An oft-quoted event occurred on 17 September 2019, for example, when Sofr soared from 2.43% to 5.25%, before falling back to 2.55% the following day. The spread between Libor and Sofr also widened dramatically after the Federal Reserve cut US rates in March 2020 as a reaction to Covid-derived economic difficulty.

However, IBA’s Bowler says the long lead time to transition has given markets the chance to adjust. “The Isda fixed-spread adjustments for US dollar Libor were fixed in March 2021, so this has been known and priced into the markets now for almost a year and a quarter,” he says.

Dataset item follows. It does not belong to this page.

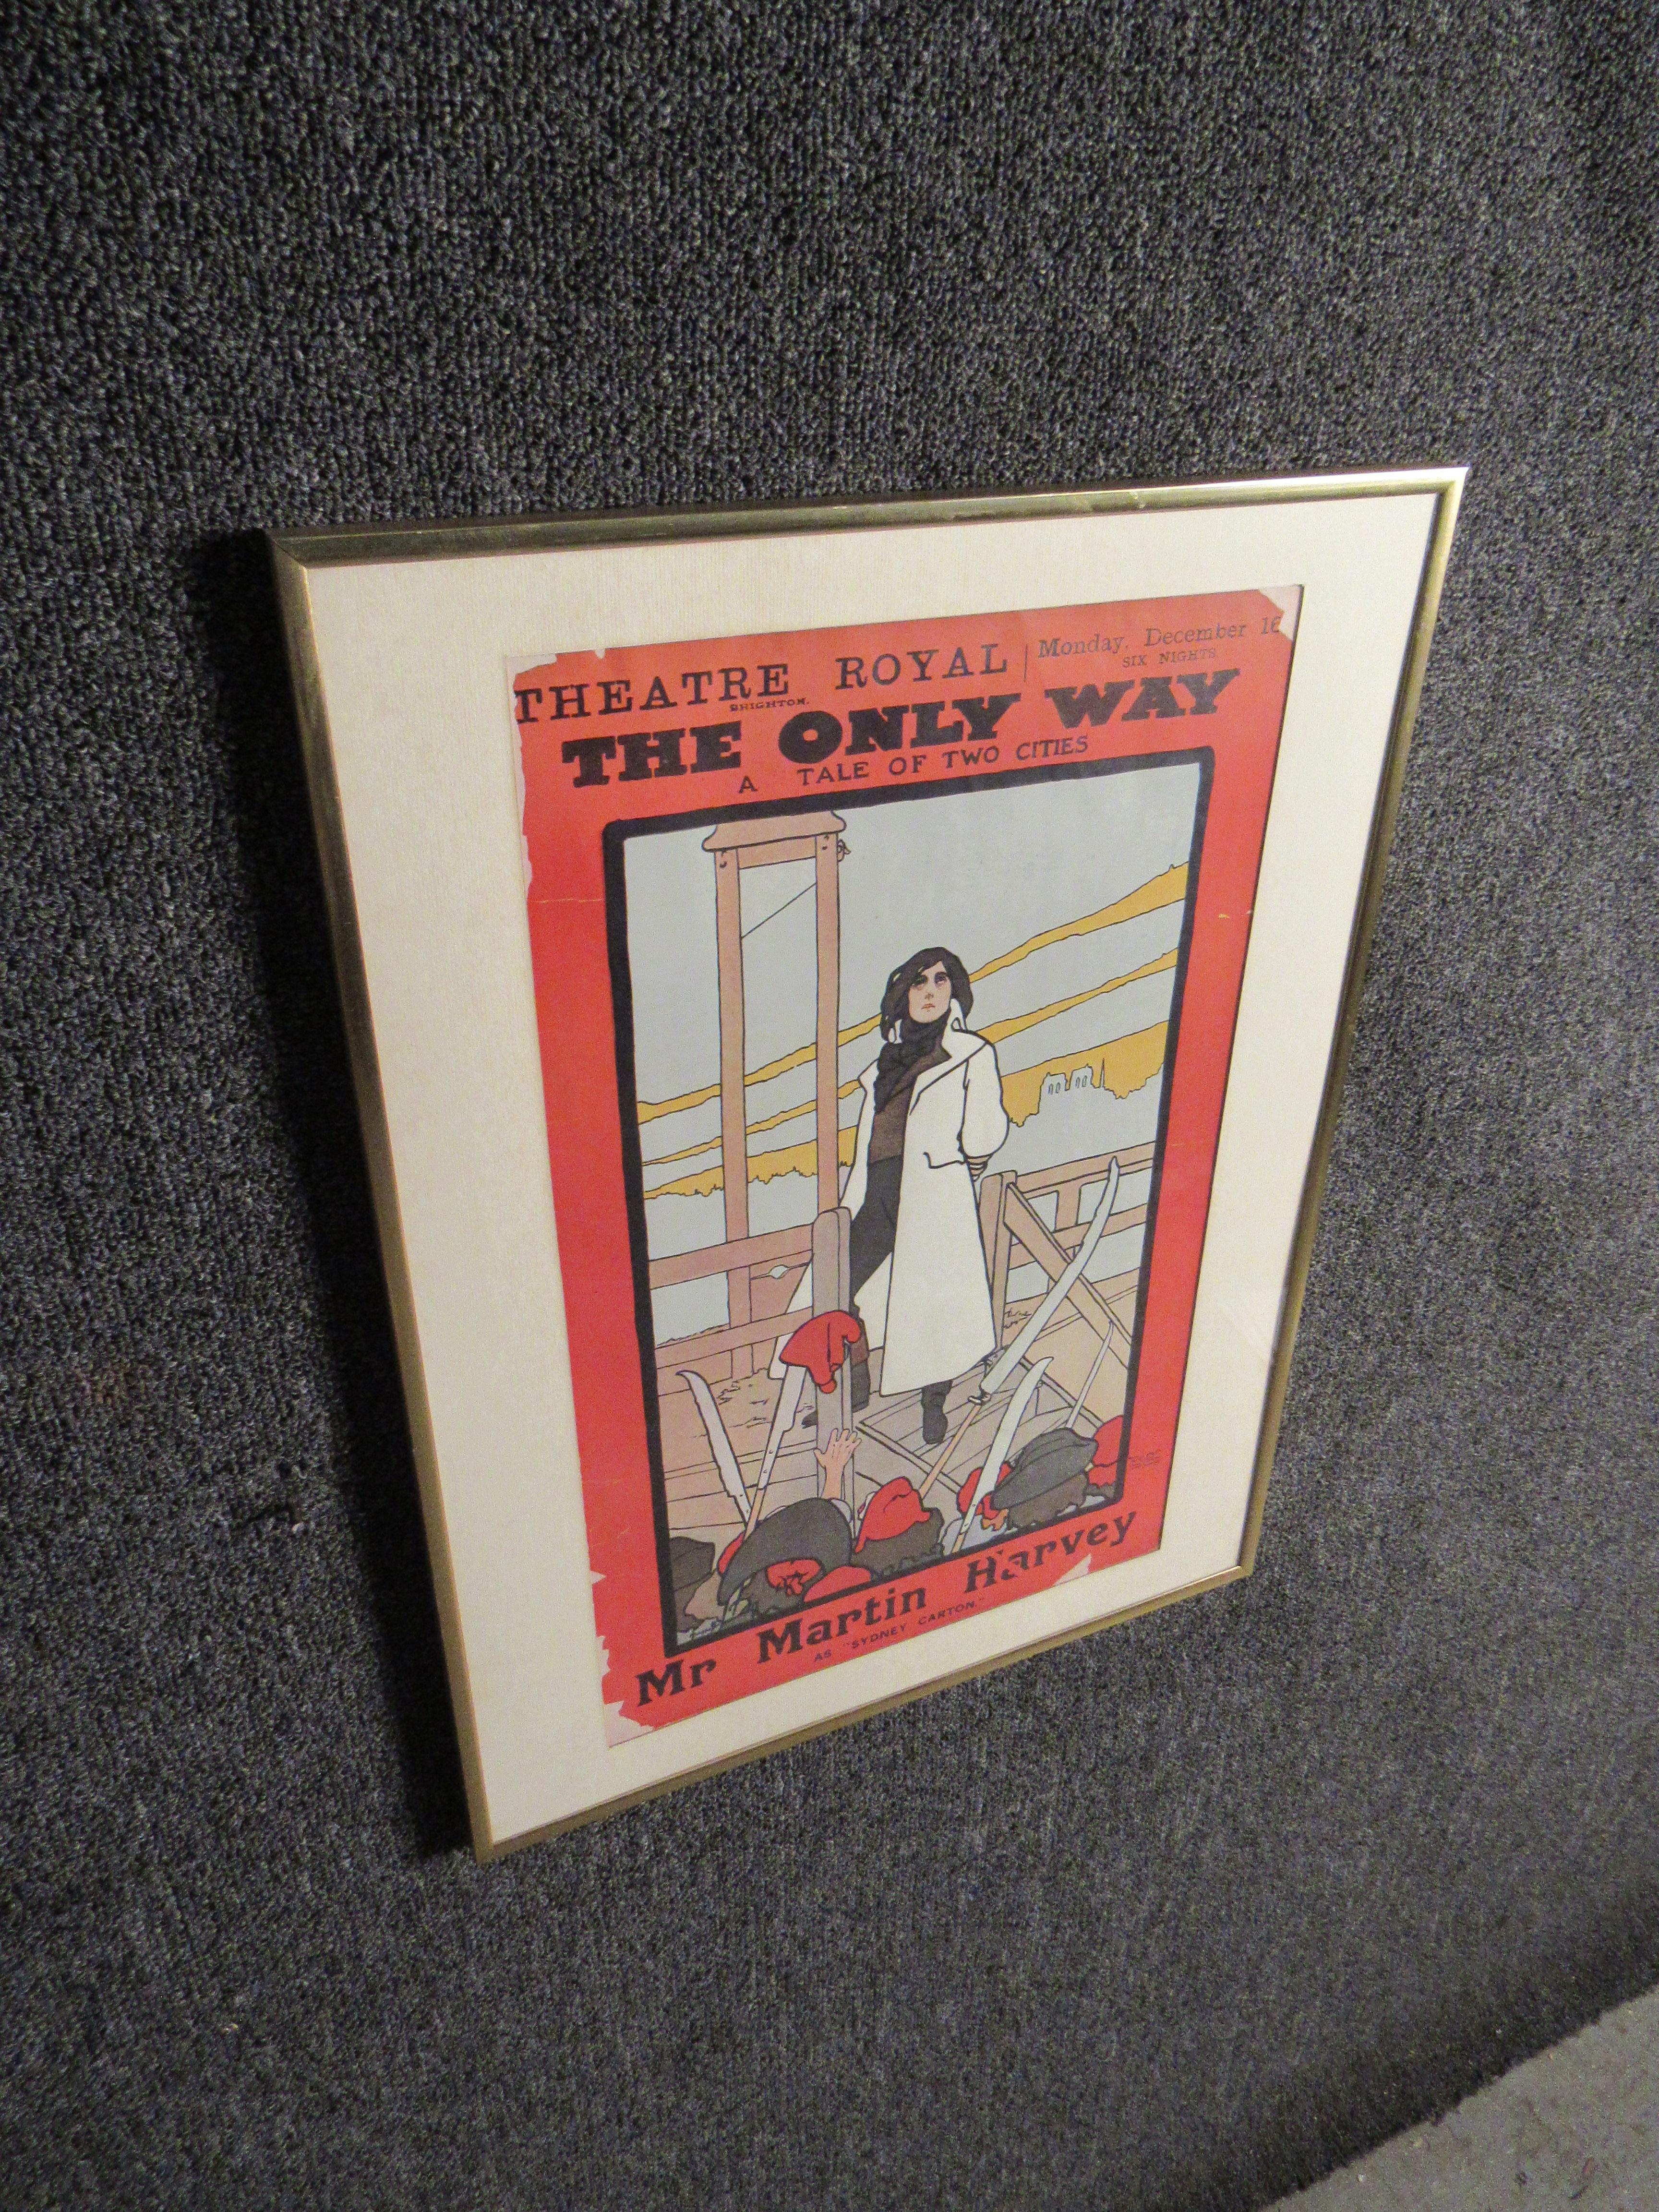 Bring home iconic early 20th century decor with this framed vintage playbill. Illustrated by renowned artist and Englishman John Hassall in collaboration with the famed printmakers of David Allen & Sons for the 1899 production of

Potential for rate envy may, however, lurk offshore, within large, multi-jurisdictional note programmes. Ashurst head of global markets Michael Logie asks, “What if you're relying on fallbacks, or your consent solicitation takes you different place, or US law leads you in a slightly different way? You may end up having different rates for similar products. And that just will exacerbate potential legal issues, because whenever you've got benchmarks to compare your product with you may be asking for trouble.”